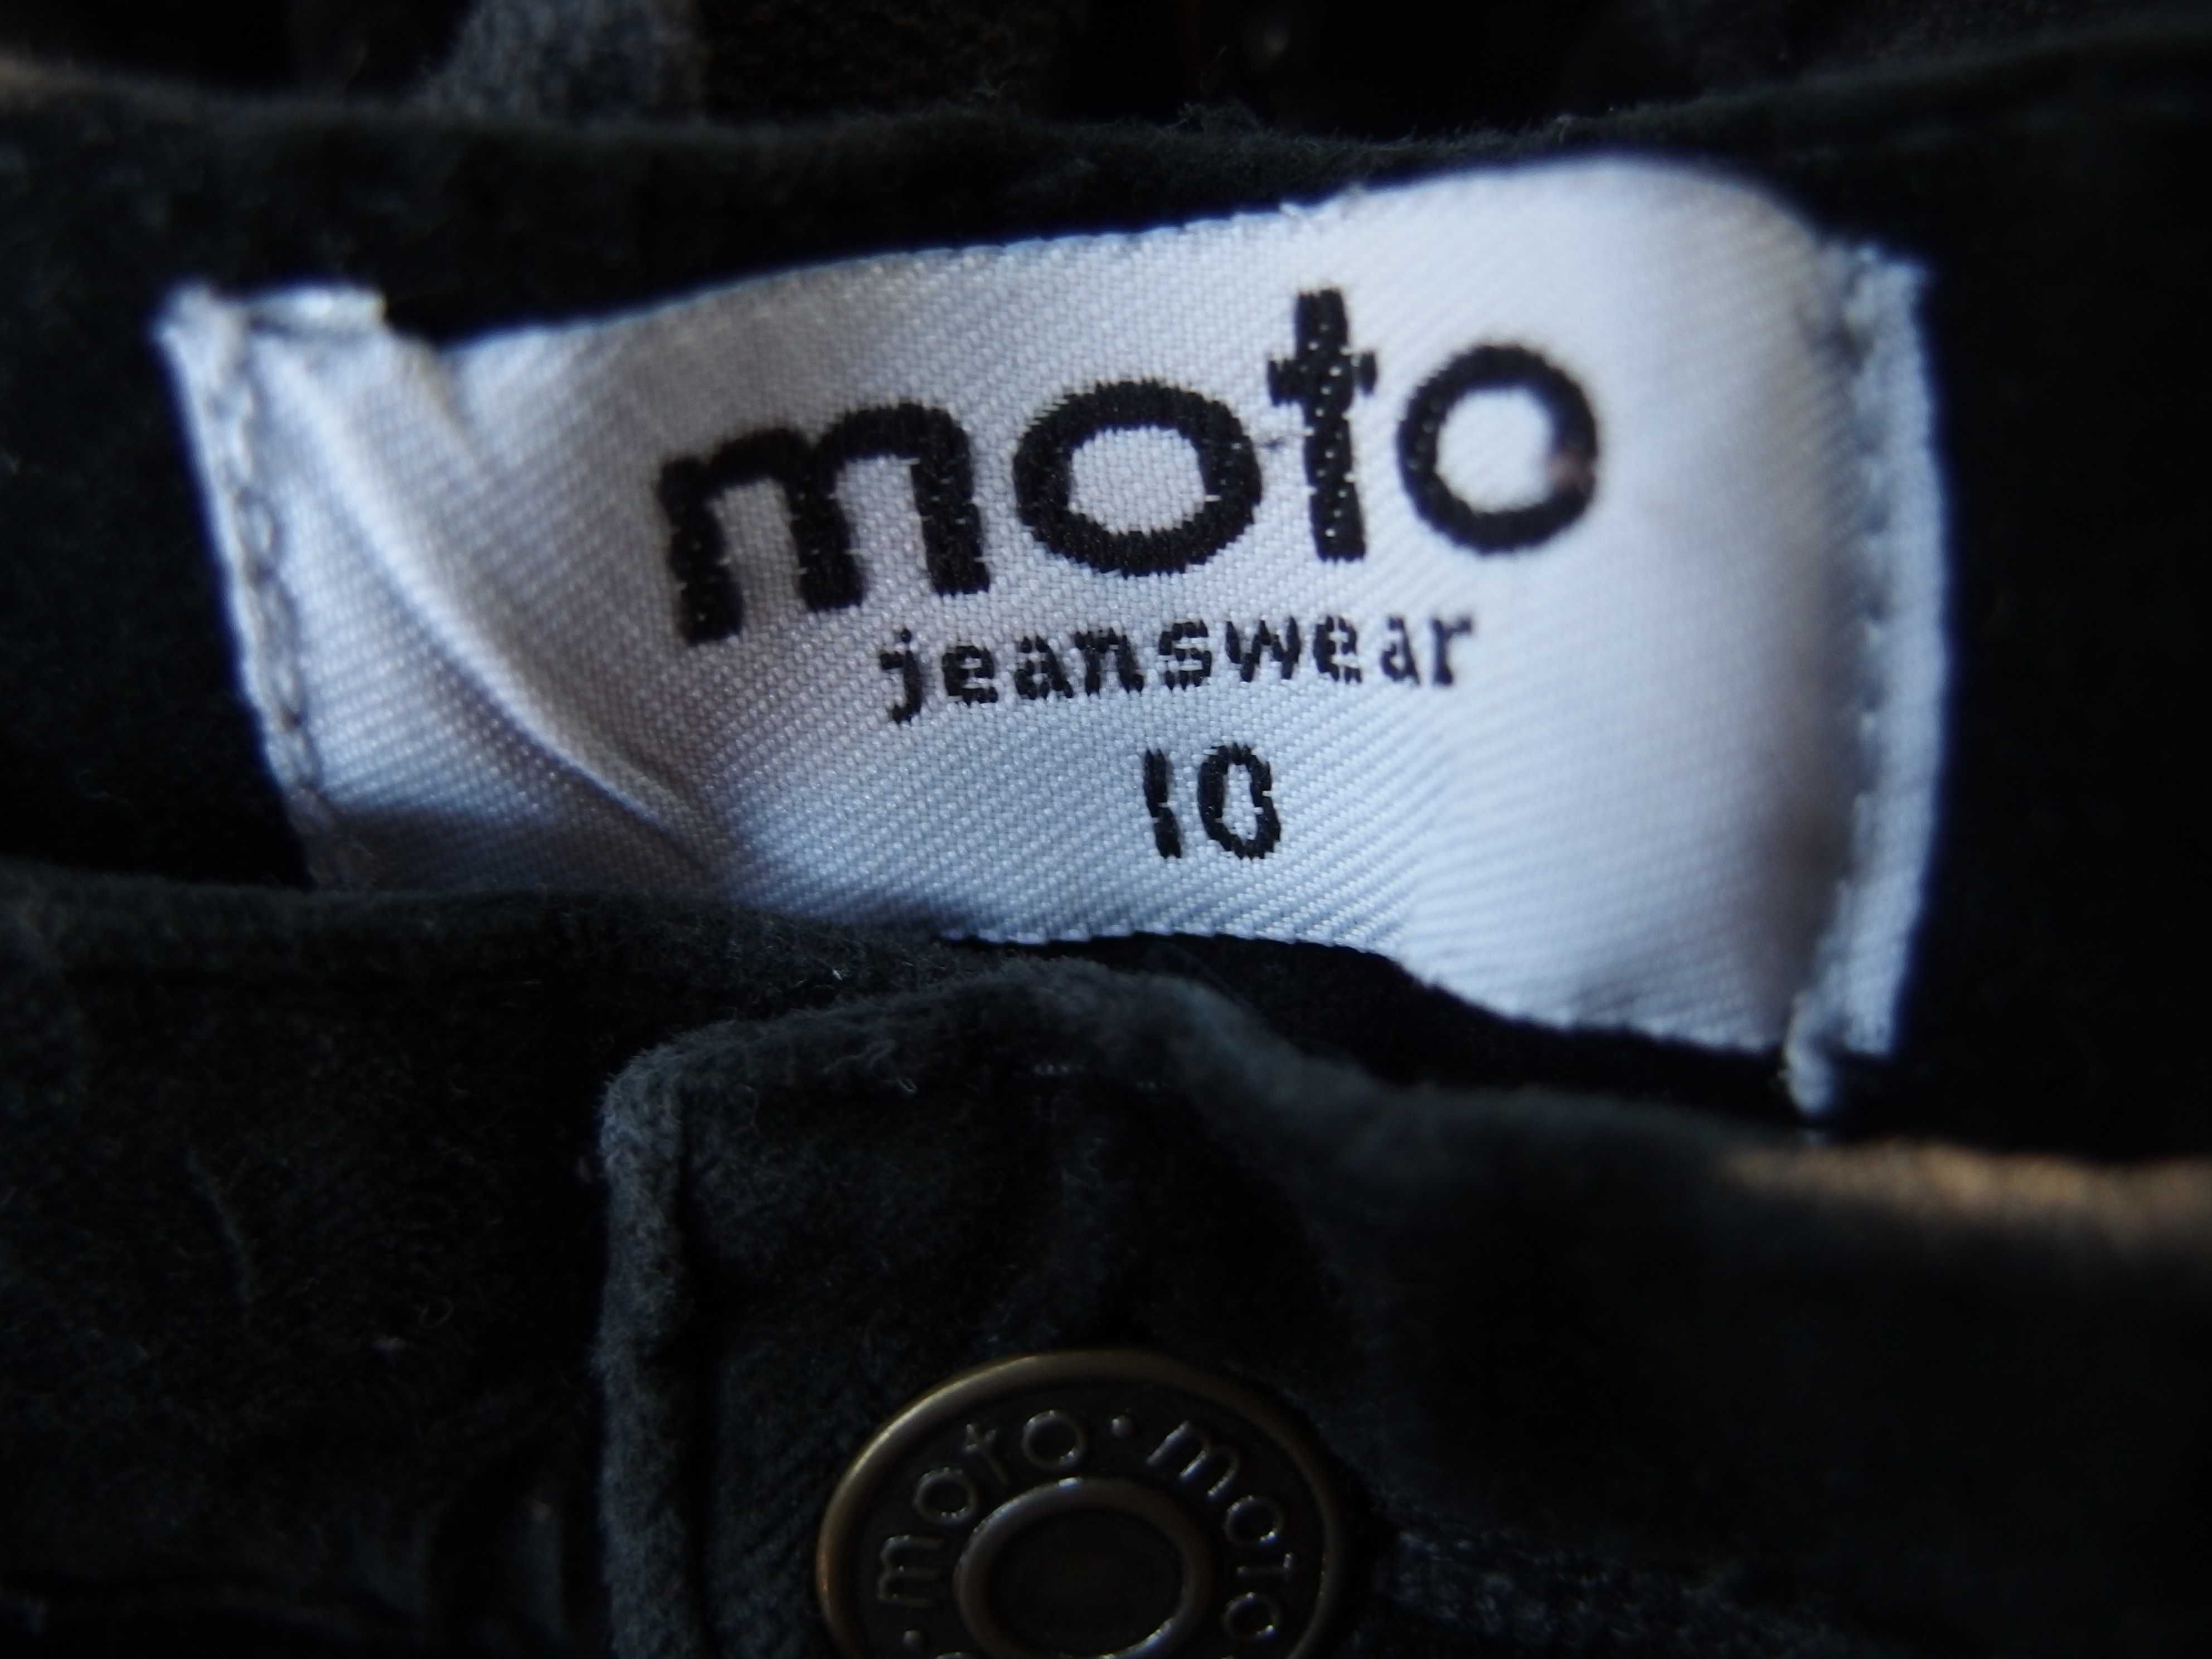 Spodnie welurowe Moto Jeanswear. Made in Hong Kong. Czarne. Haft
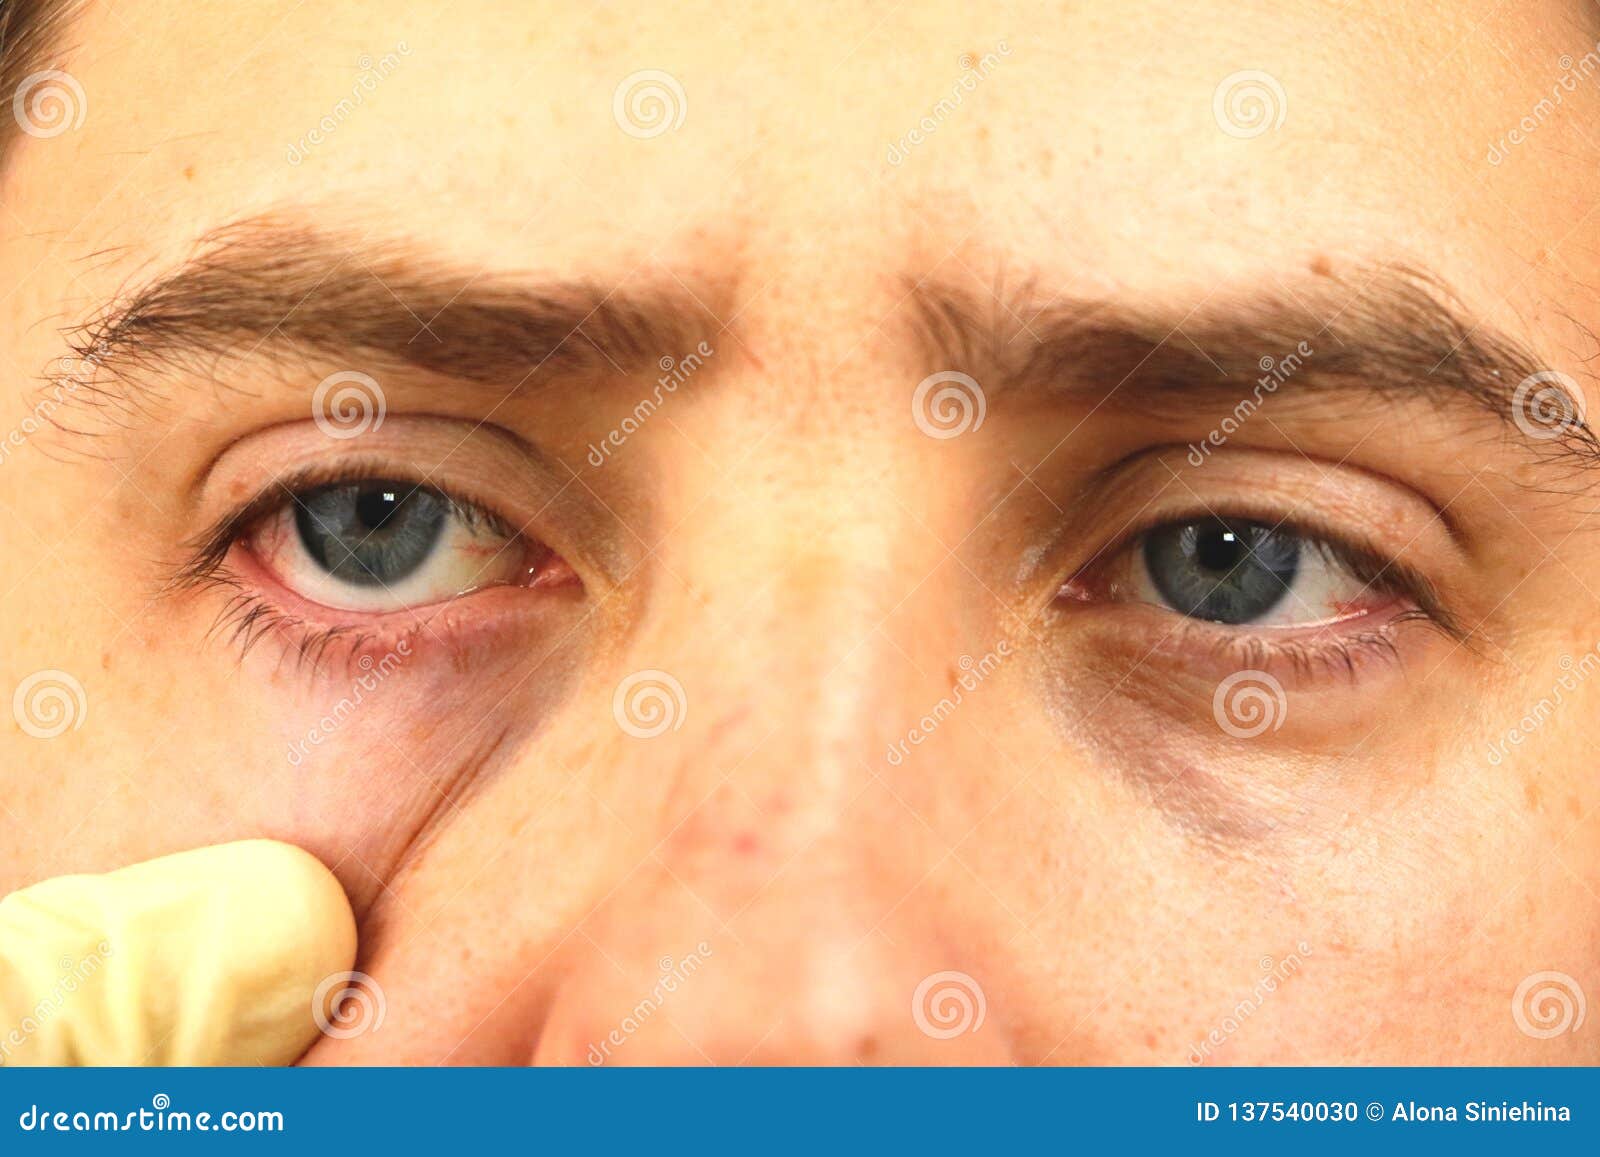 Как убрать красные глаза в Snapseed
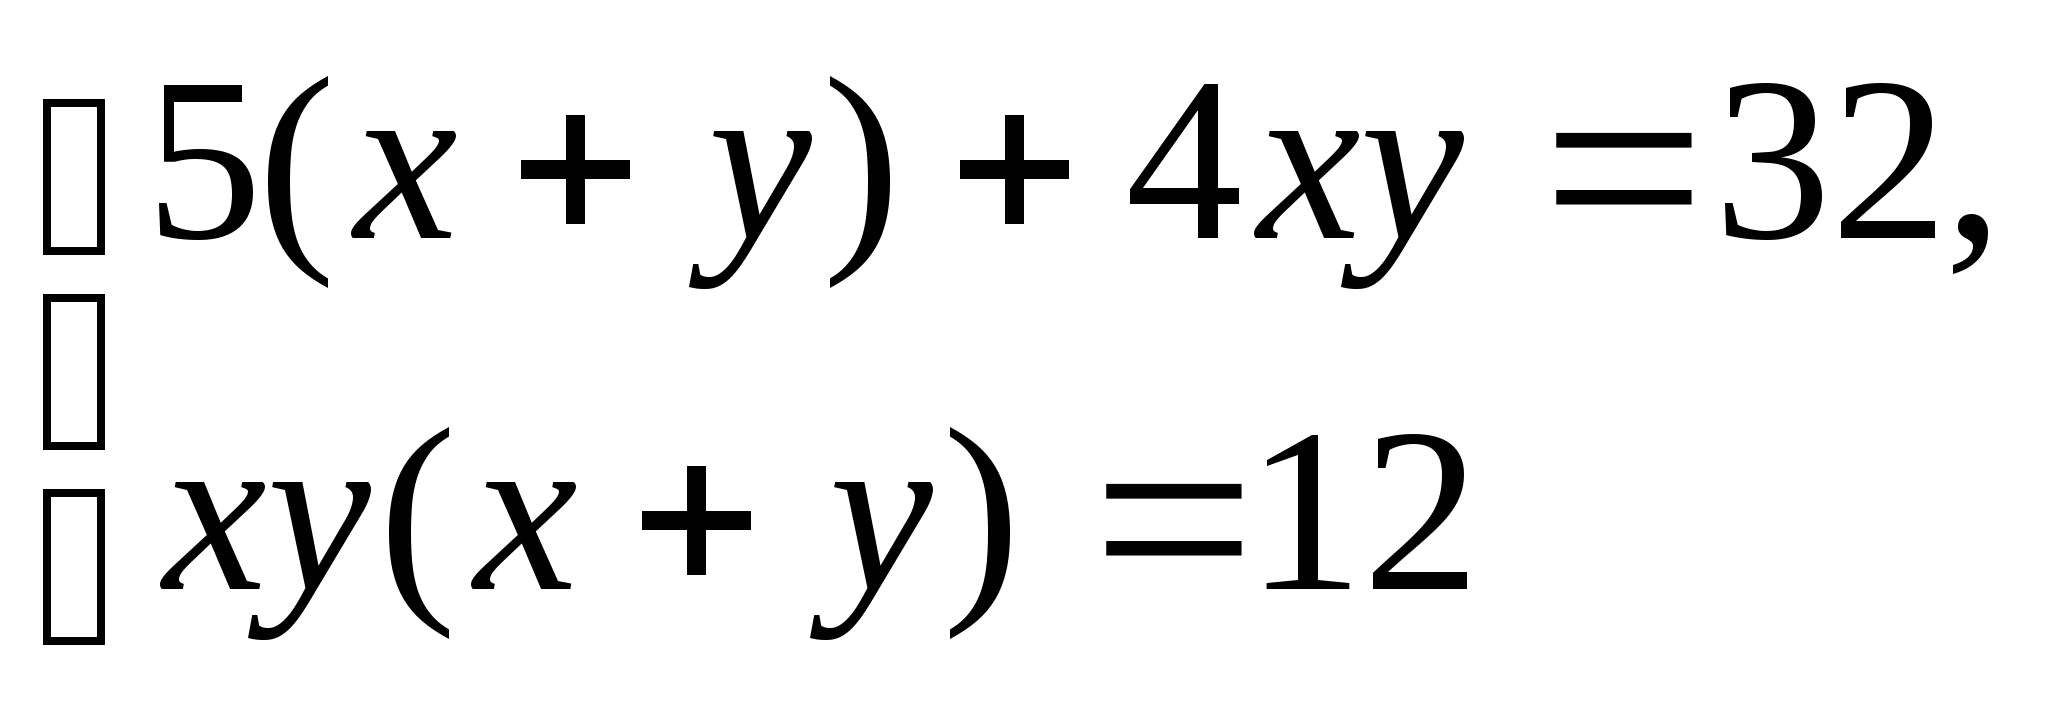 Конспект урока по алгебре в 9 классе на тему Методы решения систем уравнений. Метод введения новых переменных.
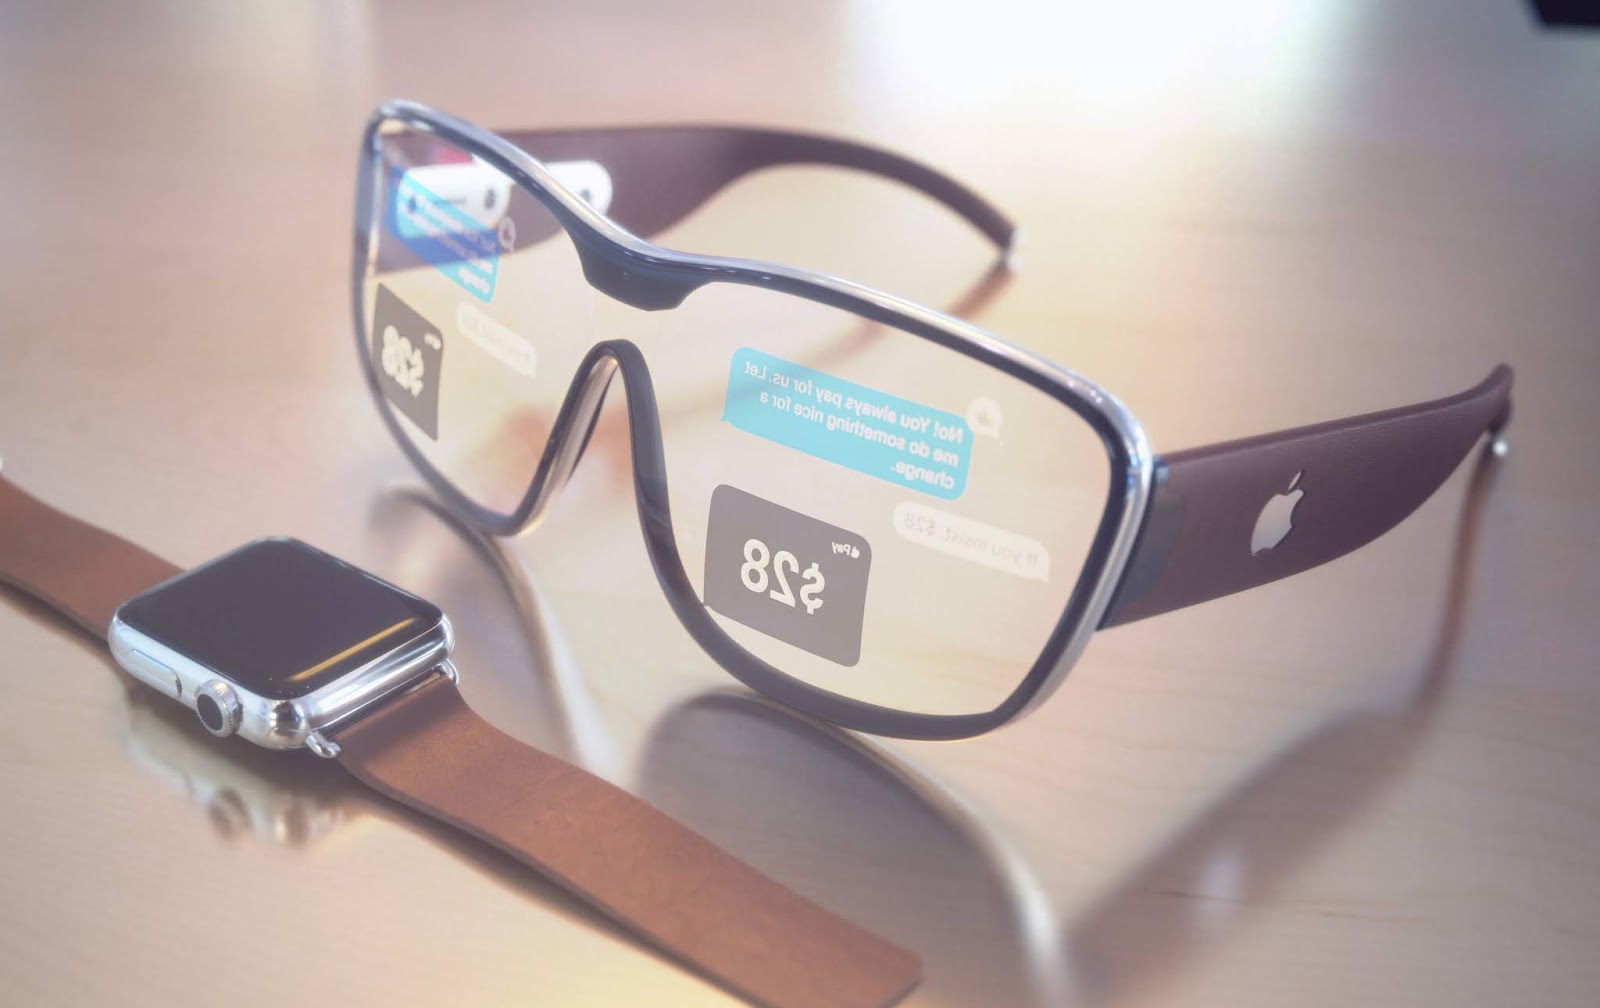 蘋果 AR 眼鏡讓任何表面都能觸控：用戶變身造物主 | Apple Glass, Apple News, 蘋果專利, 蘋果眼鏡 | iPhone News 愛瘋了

What the exercise asks:
Each line from the one containing "Конспект урока по" through the final line of the data must be reproduced exactly, both ends included, with no pictures in the copy.

Answer section:
 Конспект урока по алгебре в 9 классе на тему Методы решения систем уравнений. Метод введения новых переменных.
 蘋果 AR 眼鏡讓任何表面都能觸控：用戶變身造物主 | Apple Glass, Apple News, 蘋果專利, 蘋果眼鏡 | iPhone News 愛瘋了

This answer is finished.